Quando pensiamo alla figura del leader, la nostra mente la associa ai contesti dei partiti politici, delle aziende, delle associazioni ecc…, insomma a tutte quelle istituzioni sociali che accolgono una grande quantità di soggetti spinti da un obiettivo comune e che si fanno “guidare”, anzi, sentono il bisogno di farsi guidare da un individuo con carisma e forte personalità.

Invero, nella società odierna tutti possono diventare dei veri leader, contrariamente alla credenza comune che le doti di saper “guidare” un gruppo siano innate e riservate a pochi eletti.

Studi recenti hanno posto in evidenza che il “vero” leader è colui che, con estrema umiltà, non si sente mai arrivato ed ha sempre la costante necessità di apprendere.

E quando si parla di appendere non ci si riferisce solo allo studio teorico o all’acquisizione di abilità specifiche.
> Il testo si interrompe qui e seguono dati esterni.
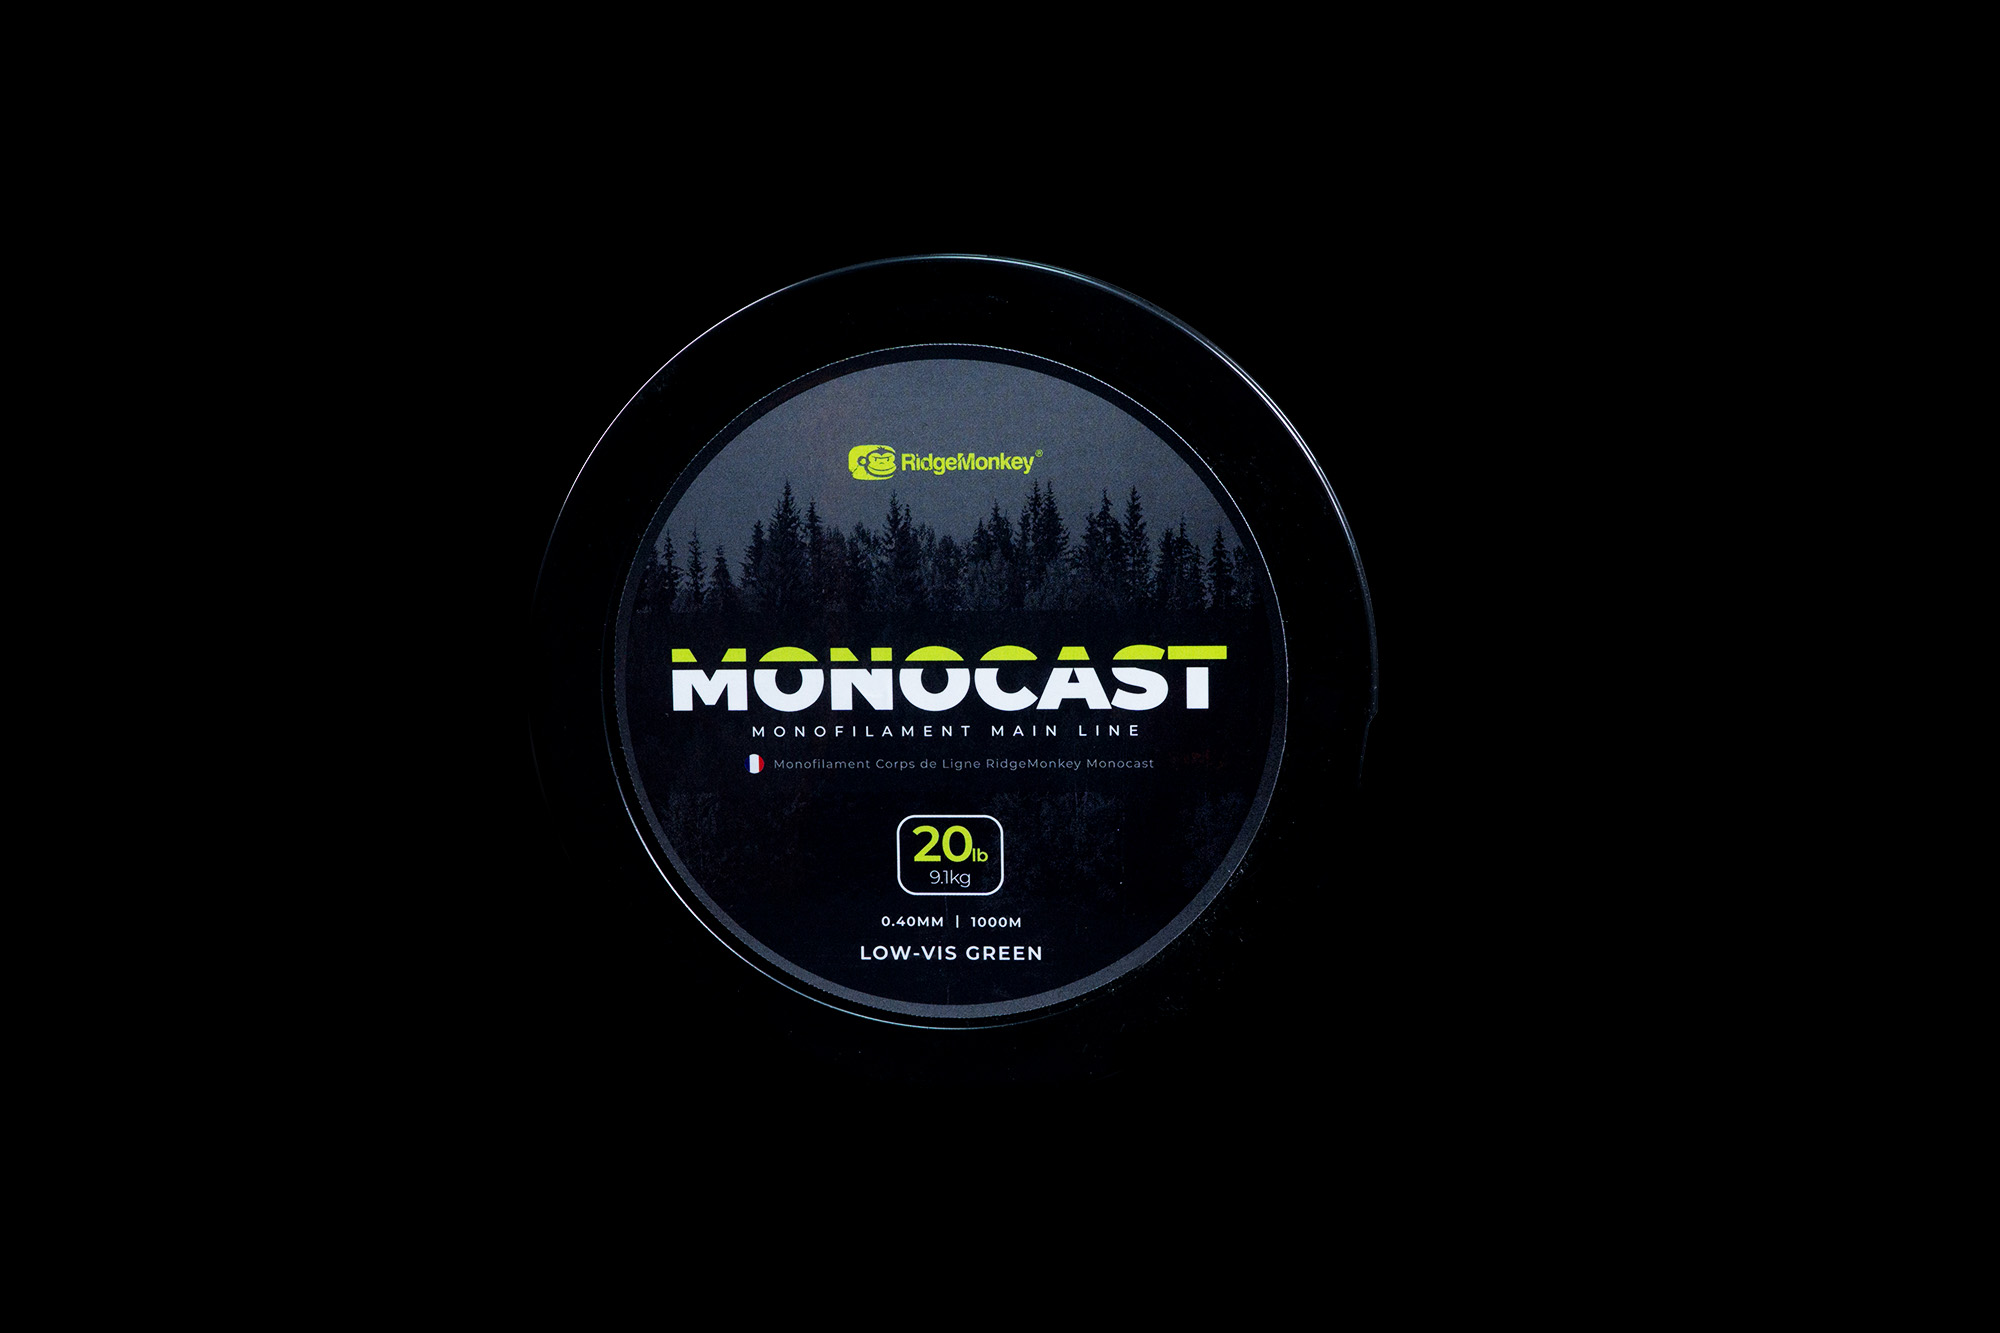 MonoCast Monofilament Main Line - RidgeMonkey®
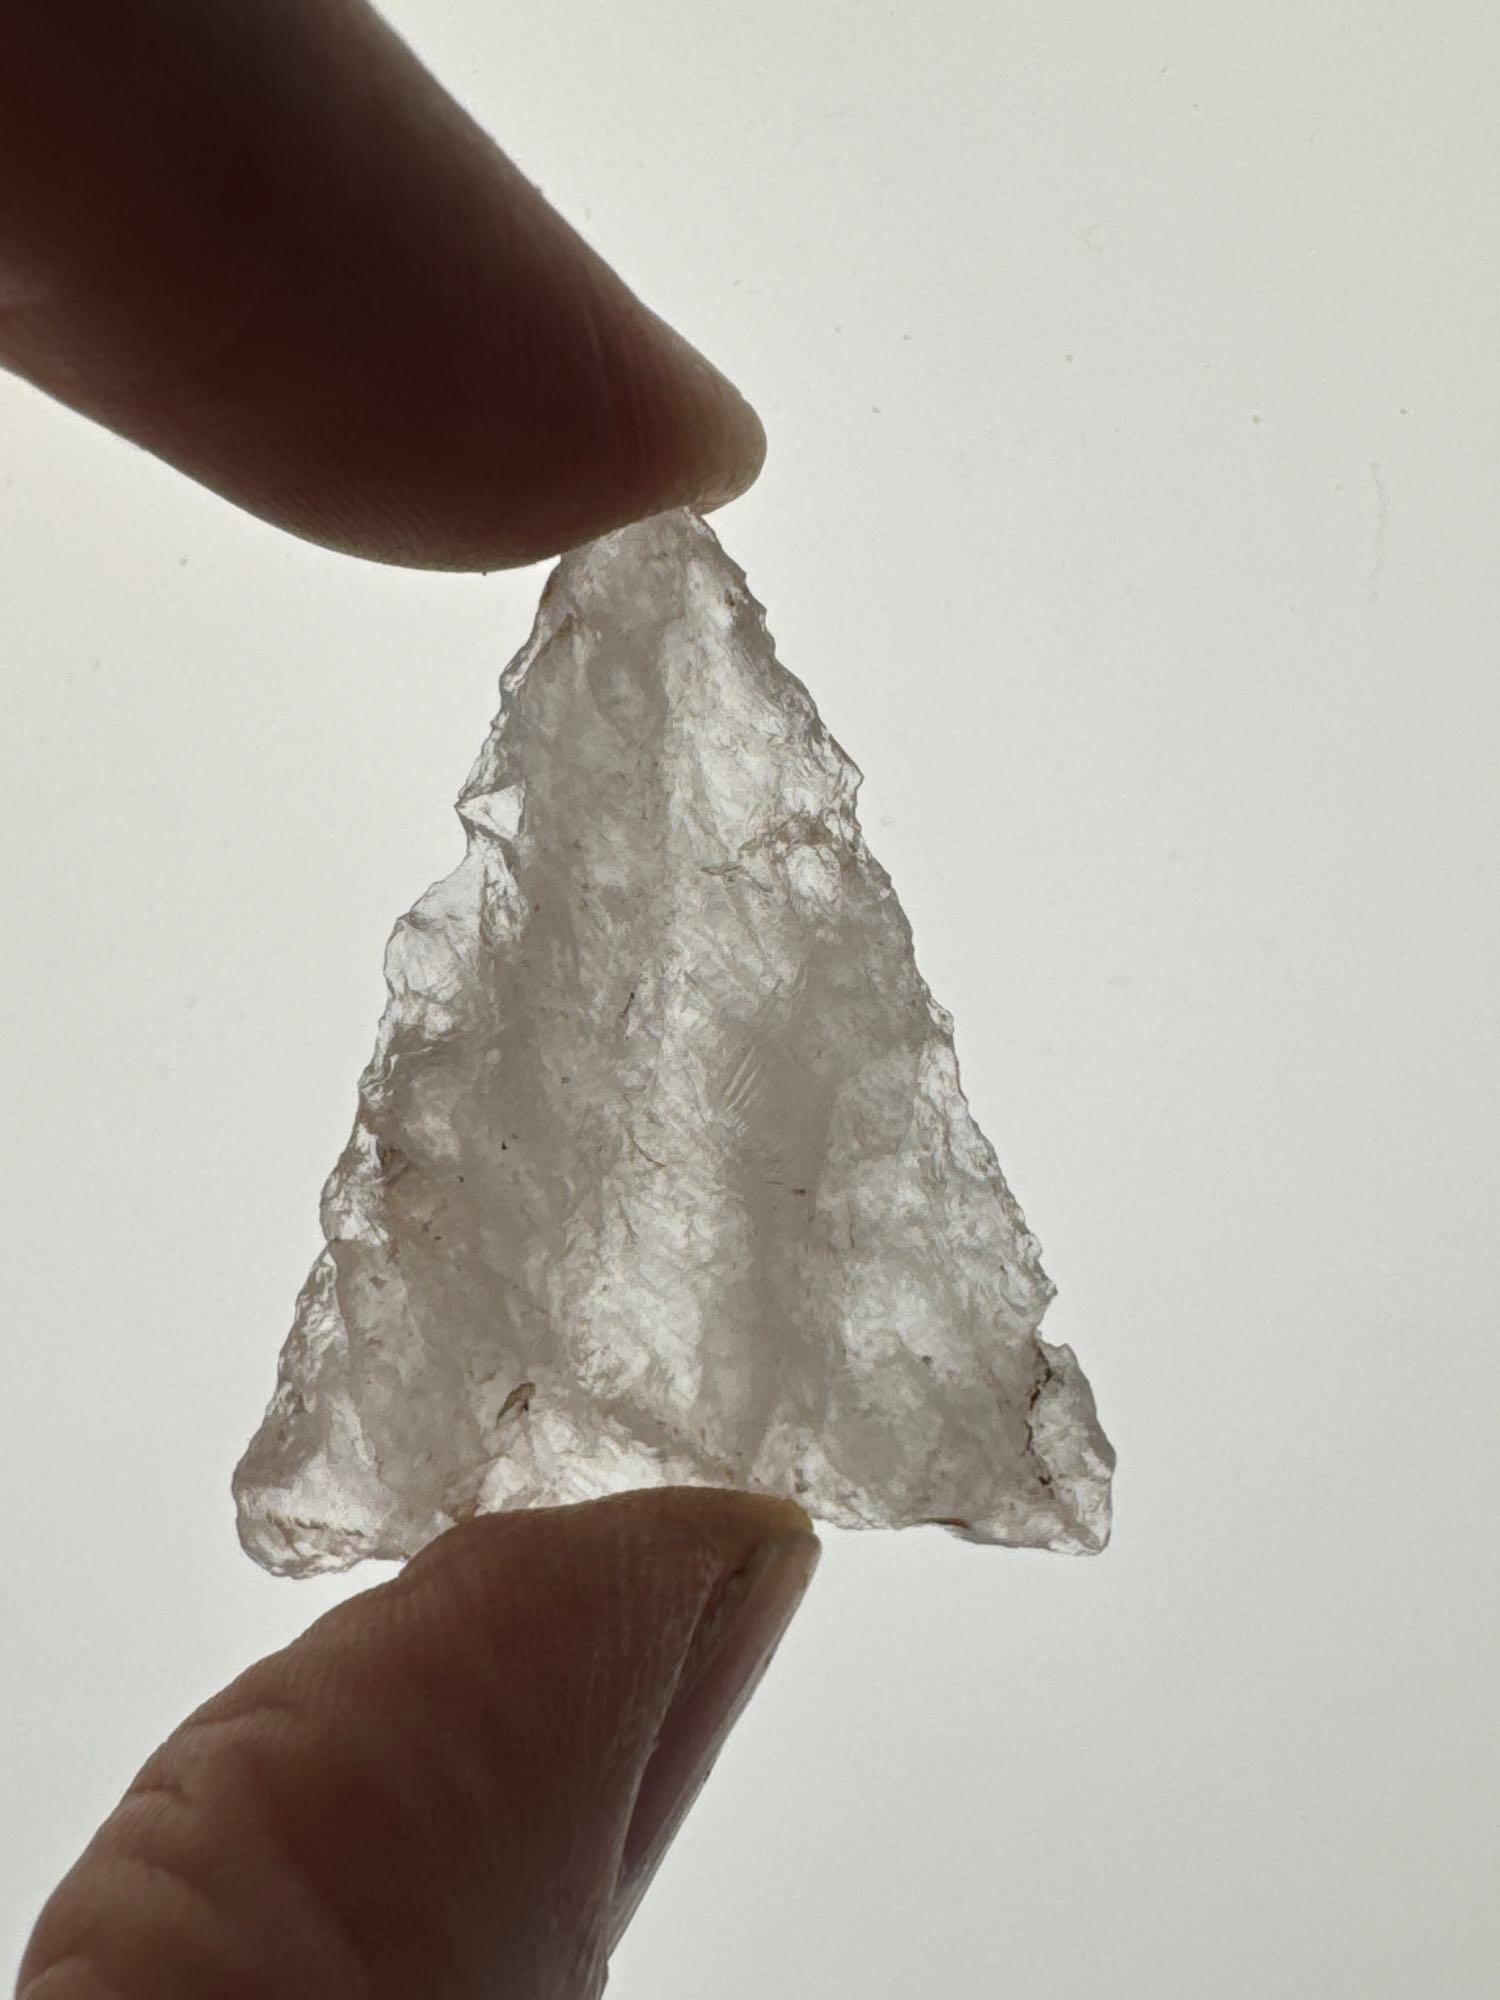 SUPERB Semi-Translucent Quartz Crystalline Triangle Point, 1 3/8", Found in PA

Apprendere significa innanzitutto avere un costante e proficuo confronto non solo su determinate competenze del ruolo, ma avere la capacità di relazionarsi, con spirito aperto, propositivo e senza imporre le proprie idee a tutti i costi, con altri soggetti sia interni che esterni al gruppo.

Nelle arti marziali assistiamo spesso alla mancanza di queste doti di leadership da parte di molti insegnanti che, una volta assunto il ruolo di guida del proprio gruppo, “chiudono le porte” a tutto ciò che sta intorno, vivendo nella convinzione di avere raggiunto la massima realizzazione nella conoscenza e nella padronanza di un’arte marziale e soffocando l’innata predisposizione umana che fa dell’uomo un essere che vive di esperienze.

Un danno incalcolabile non solo per quei maestri che si rintanano nelle loro convinzioni ma anche per il gruppo di allievi che si vedono così negata la possibilità di ampliare le loro vedute e di entrare in contatto con realtà diverse con le quali confrontarsi e fare a loro volta esperienza.

Un esempio macroscopico di questa realtà è il fatto che le arti marziali tradizionali, a parte qualche eccezione (judo e taekwondo), non sono mai entrate a far parte delle competizioni olimpiche.

La vera capacità del leader si concretizza, quindi, nel perseguire nuovi comportamenti ed essere aperto ai cambiamenti, fattore che alimenta l’entusiasmo del gruppo e la crescita di tutti i suoi componenti.

Come ci insegna la teoria del noto naturalista Charles Darwin, “non è il più forte che sopravvive, né il più intelligente, ma il più aperto al cambiamento”.

Il vero problema in moltissime palestre di arti marziali risiede proprio nel fatto che molti maestri non sono inclini al cambiamento, dando l’impressione di difendere e conservare meglio la purezza e l’efficacia del loro metodo che considerano migliore rispetto a quello degli altri.

In verità, tale atteggiamento nasconde un forte sentimento di insicurezza da parte del maestro, il quale teme di essere sconfessato nel suo metodo da parte dei propri allievi e di vedere così cadere il ruolo di leader che, con molta fatica, si è conquistato nel tempo.

Da un punto di vista prettamente “umano” non si può certo stigmatizzare un tale atteggiamento. In fin dei conti, chi non avrebbe paura di perdere un ruolo così importante?

Così accade che molti dojo (sono un maestro di karate e mi perdonino coloro che praticano arti marziali non giapponesi e chiamano il luogo di studio e pratica della loro disciplina in modo differente) abbiano al loro interno praticanti di grande esperienza (terzo, quarto, addirittura quinto dan) che non hanno la mentalità di poter finalmente “compiere il passo” per divenire a loro volta leader, aprendo un proprio dojo.

Anche qui, il sentimento di insicurezza la fa da padrone. Una insicurezza ingenerata dal maestro che, anche se in modo indiretto, mette in dubbio le possibilità del praticante.

Diviene, nella sostanza, un padre che fa di tutto per tenere a casa con se i propri figli.

Un atteggiamento che va contro natura ma che non meraviglia quando parliamo di esseri umani che vivono inconsciamente la paura di essere scalzati dal loro ruolo sociale.

Il maestro non deve avere paura di perdere la propria leadership. Anzi, è suo compito “insegnare” ai suoi migliori allievi a diventare a loro volta dei leader, nella consapevolezza che questi gli saranno riconoscenti per sempre non solo per gli insegnamenti tecnici ma anche per aver ricevuto, con amore e passione, l’incitamento a crescere, i consigli e i segreti per essere dei veri “maestri” con spiccate doti di leadership.